3. HYBRID POLYMER-MATRIX COMPOSITE, according to claim 1, characterized in that the cellulosic fiber is selected from wood, cane, coconut, jute and bamboo fibers.

4. A hybrid polymer-matrix COMPOSITE characterized by the fact that cellulosic fiber and synthetic fiber are mixed with the polymer matrix during the extrusion process.

Description

DETAILED DESCRIPTION OF THE INVENTION

[0020] The hybrid polymer-matrix composite, object of the present invention patent, comprises a polymer matrix in which is associated between 10.0 to 45.0% w/w of cellulosic fiber, between 5.0 to 40.0% w/w of synthetic fiber and compatibilizing additives to promote the interface between the reinforcing fibers (synthetic and natural) and the polymer matrix, in order to enhance the performance properties of the product, optimizing the performance of the final product, without losing the recycling property.

[0021] The polymer matrix is selected from polyethylene (PE), polypropylene (PP), ethyl vinyl acetate (EVA), polyester (PES) or thermoplastic polyurethane (TPU).

[0022] The cellulosic fiber has a fiber length of up to 3 mm and a maximum moisture content of 5%, and is preferably selected from wood, cane, coconut, jute and bamboo fibers.

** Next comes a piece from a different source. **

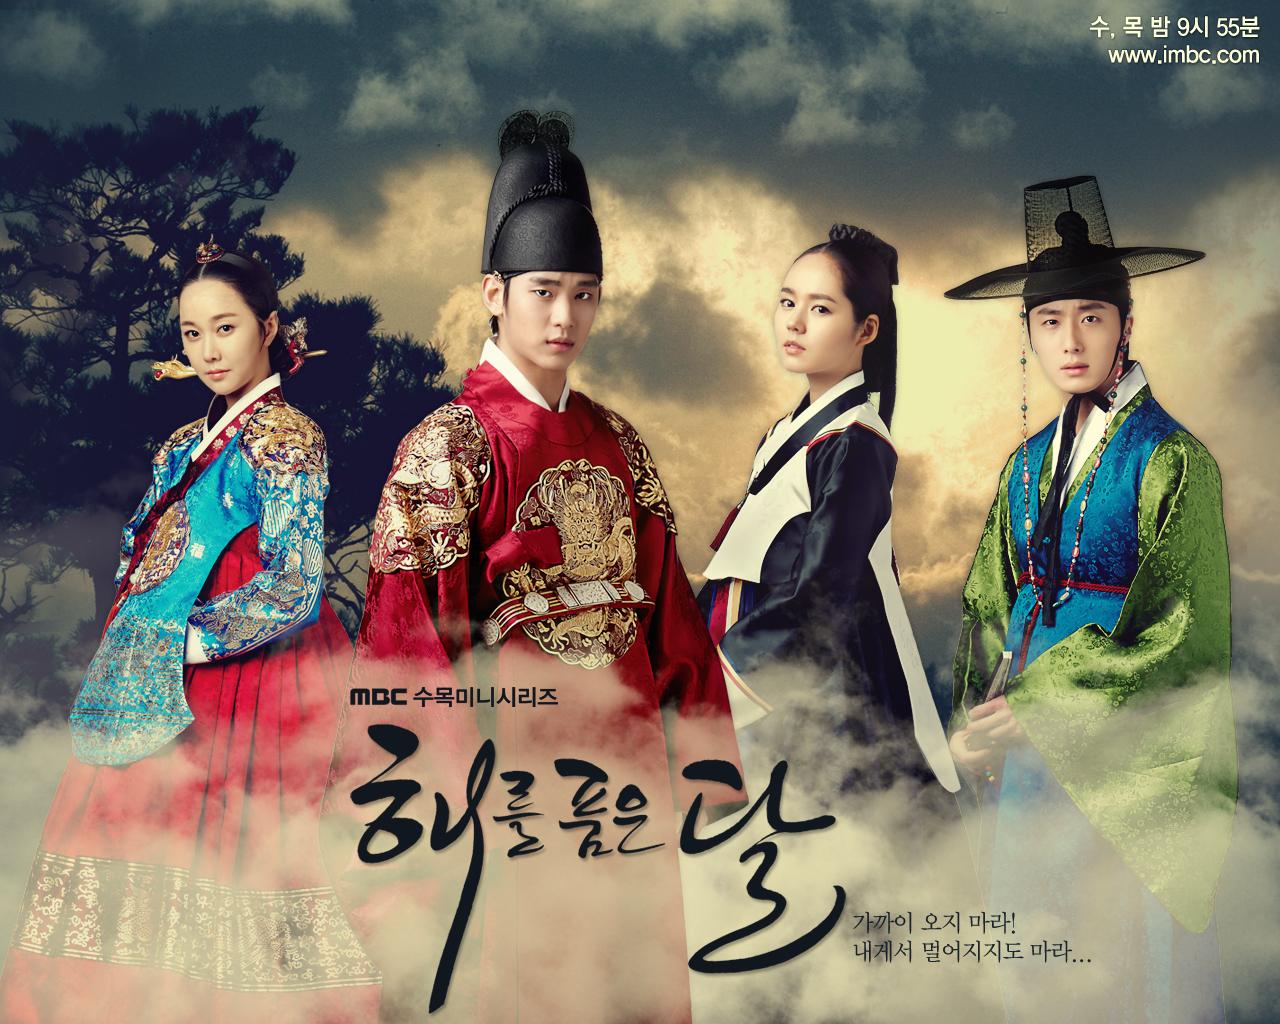 korean drama wallpaper terbaru 2012 Page 8 1280x1024

[0023] The synthetic fibers are selected from glass fiber, carbon fiber or aramid fiber, with a length of up to 4 mm, adding considerably greater thermal and mechanical resistance to the product where it will be applied, as this type of fiber is more rigid and structured than the natural fiber.

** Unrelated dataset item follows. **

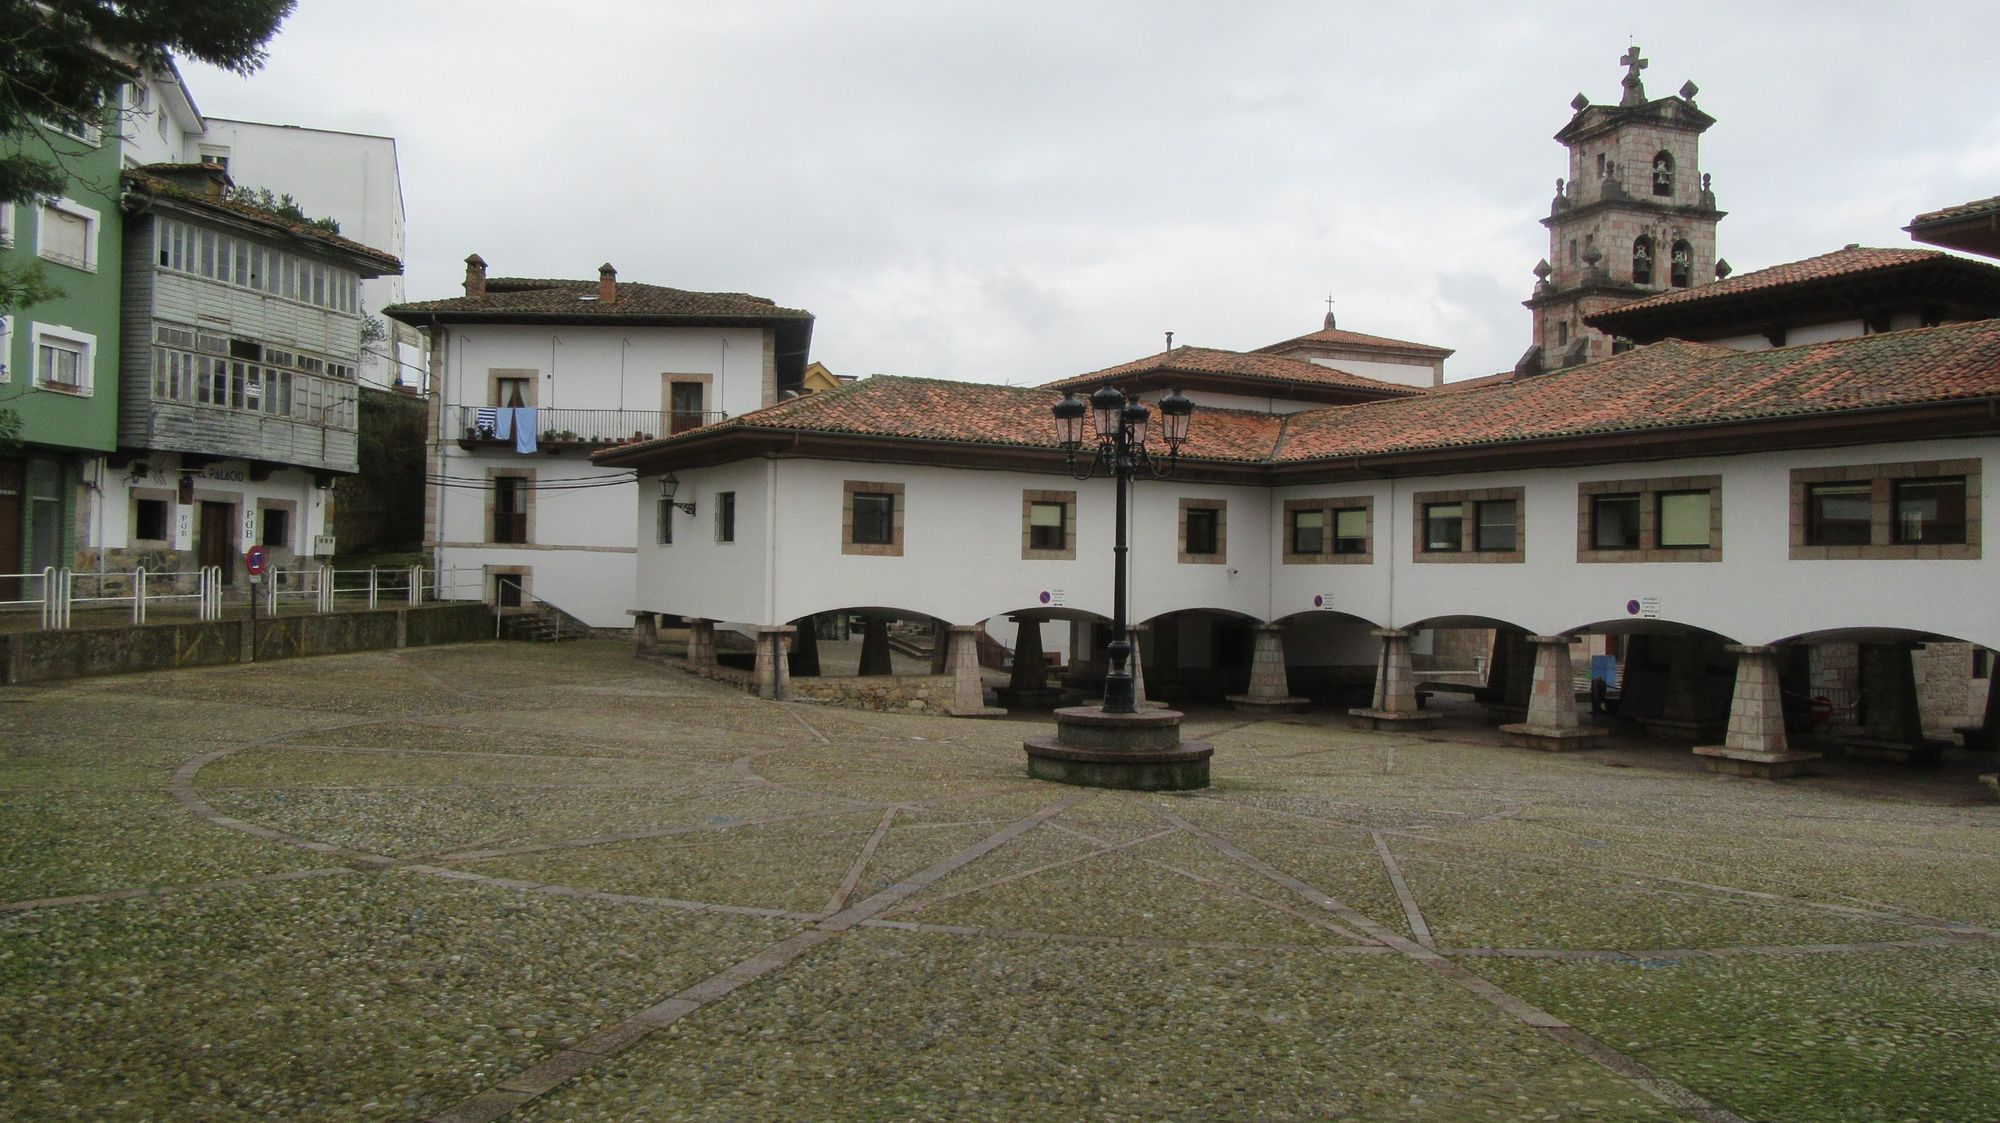 Plaza Cangas de Onís vacía. Carbajal.JPG

[0024] The length of the incorporated fibers allows the possibility of dosing in the extruder feeders, without causing agglomeration.

[0025] The method of processing the hybrid polymer-matrix composite comprises the incorporation of the cellulosic fiber and the incorporation of the synthetic fiber in a specific feeder of a double-screw extruder. Thus, unlike state-of-the-art composites in which the reinforcing fillers are mixed with the polymer matrix prior to extrusion, in the method described in the present invention, the reinforcing fibers are added to the feeders in a specific concentration and size, due to the geometry of the transport screw, ensuring proper dispersion of the fiber for encapsulation by the polymer matrix and shear adjustment, in order to optimize interfacial interactions, with the shear adjustment being performed at the time of extrusion and not at the time of fiber dosing.

[0026] Mechanical and thermal tests were carried out with extruded parts using composite A (45.0% w/w of cellulosic fiber), composite B (40.0% w/w of cellulosic fiber and 10.0% w/w of synthetic fiber), composite C (30.0% w/w of cellulosic fiber and 20.0% w/w of synthetic fiber) and composite D (20.0% w/w of cellulosic fiber and 30.0% w/w of synthetic fiber), with the results shown in Table 1.

TABLE-US-00001 TABLE 1 mechanical and thermal tests Test Composite A Composite B Composite C Composite D Density (g/cm.sup.3) 1.06 to 1.10 1.10 to 1.14 1.14 to 1.18 1.18 to 1.22 HDT L (° C.) >110 >125 >135 >140 HDTT (° C.) >90 >105 >115 >120 Vicat (° C.) >115 >125 >130 >135 Modulus of elasticity under bending L (Mpa) >3200 >3500 >4500 >6500 Modulus of elasticity under bending T (Mpa) >2000 >2200 >2800 >3000 Flexural strength L (MPa) >45 >65 >80 >120 Flexural strength T (Mpa) >35 >45 >55 >60 Tensile strength L (MPa) >20 >30 >40 >60 Tensile strength L (Mpa) >15 >20 >30 >35

[0027] Molding tests were carried out with the extruded plates using composite C, in traditional molding equipment, having a good moldability, presenting a conformation result, format copying and dimensional stability quite satisfactory.